Useful commands for Docker

Here are some useful Docker commands that you may find helpful:

  • docker build: This command is used to build a Docker image from a Dockerfile. You can specify the path to the Dockerfile and the name and tag for the image using the -t flag. For example:

    docker build -t my-nodejs-app .
    
  • docker run: This command is used to run a Docker container from a Docker image. You can specify the name and tag of the image to use, as well as any options or flags. For example:

    docker run -p 8080:8080 my-nodejs-app
    
  • docker ps: This command is used to list the running Docker containers. You can use the -a flag to list all containers, including stopped containers.

  • docker stop: This command is used to stop a running Docker container. You can specify the container ID or name to stop the container. For example:

    docker stop my-nodejs-app
    
  • docker rm: This command is used to remove a stopped Docker container. You can specify the container ID or name to remove the container. For example:

docker rm my-nodejs-app

docker exec: This command is used to run a command in a running Docker container. You can specify the container ID or name, as well as the command to run. For example:

docker exec my-nodejs-app ls

The Future of Docker: Docker and VMs Will Co-exist

It is likely that Docker and virtual machines (VMs) will continue to co-exist in the future, as they both offer different benefits and are suited to different use cases.
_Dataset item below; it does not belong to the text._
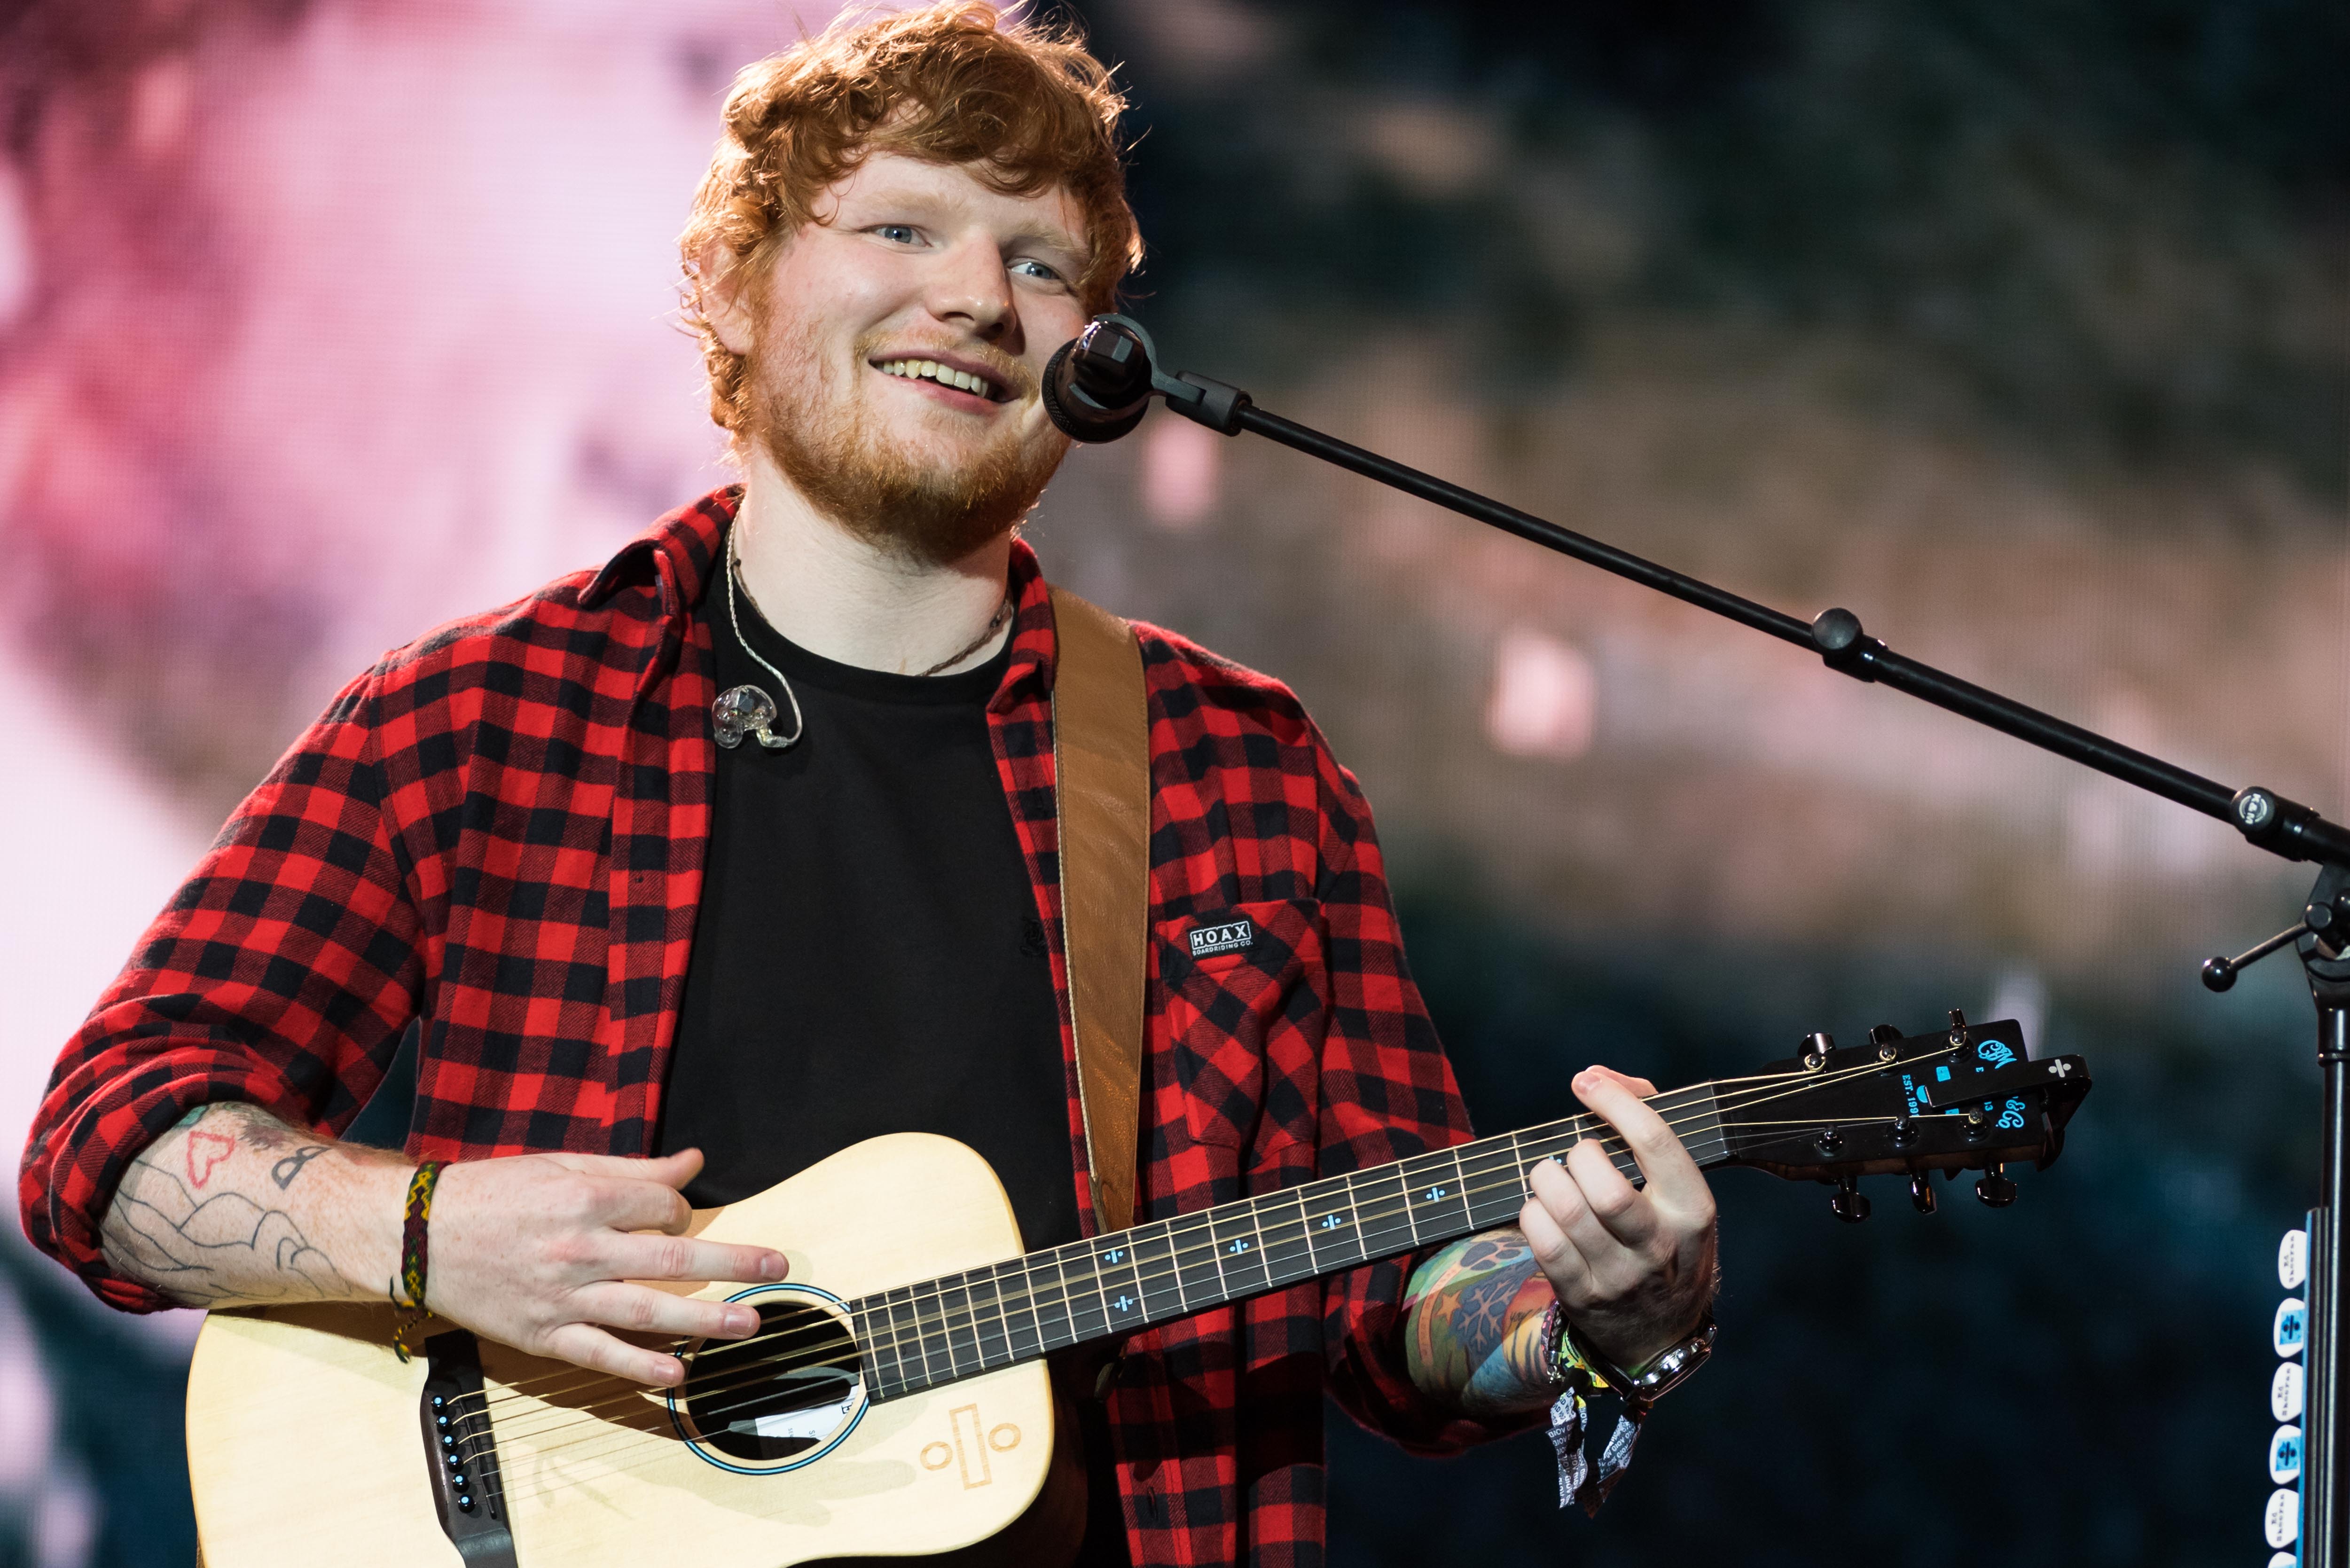 Ed Sheeran headlines on the Pyramid Stage during day 4 of the Glastonbury Festival 2017

Docker is a lightweight and portable technology that is well-suited for building and deploying applications in a distributed environment. Its focus on containers allows developers to package up their applications with all of the necessary dependencies and libraries, and to run those applications on any machine that has the Docker runtime installed. This can make it easier to build, test, and deploy applications, especially in a microservices architecture.

On the other hand, VMs are a more heavy-weight and flexible technology that is well-suited for running multiple operating systems on a single physical machine. This can be useful for testing or development purposes, or for running applications that have specific system requirements. VMs offer more control over the underlying hardware and operating system and can be used to run applications that are not compatible with the host operating system.

Overall, it is likely that Docker and VMs will continue to co-exist in the future, with each technology being used for the situations in which it is best suited. As the use of containers and microservices continues to grow, Docker is likely to become increasingly important, but VMs will still have a place in many environments.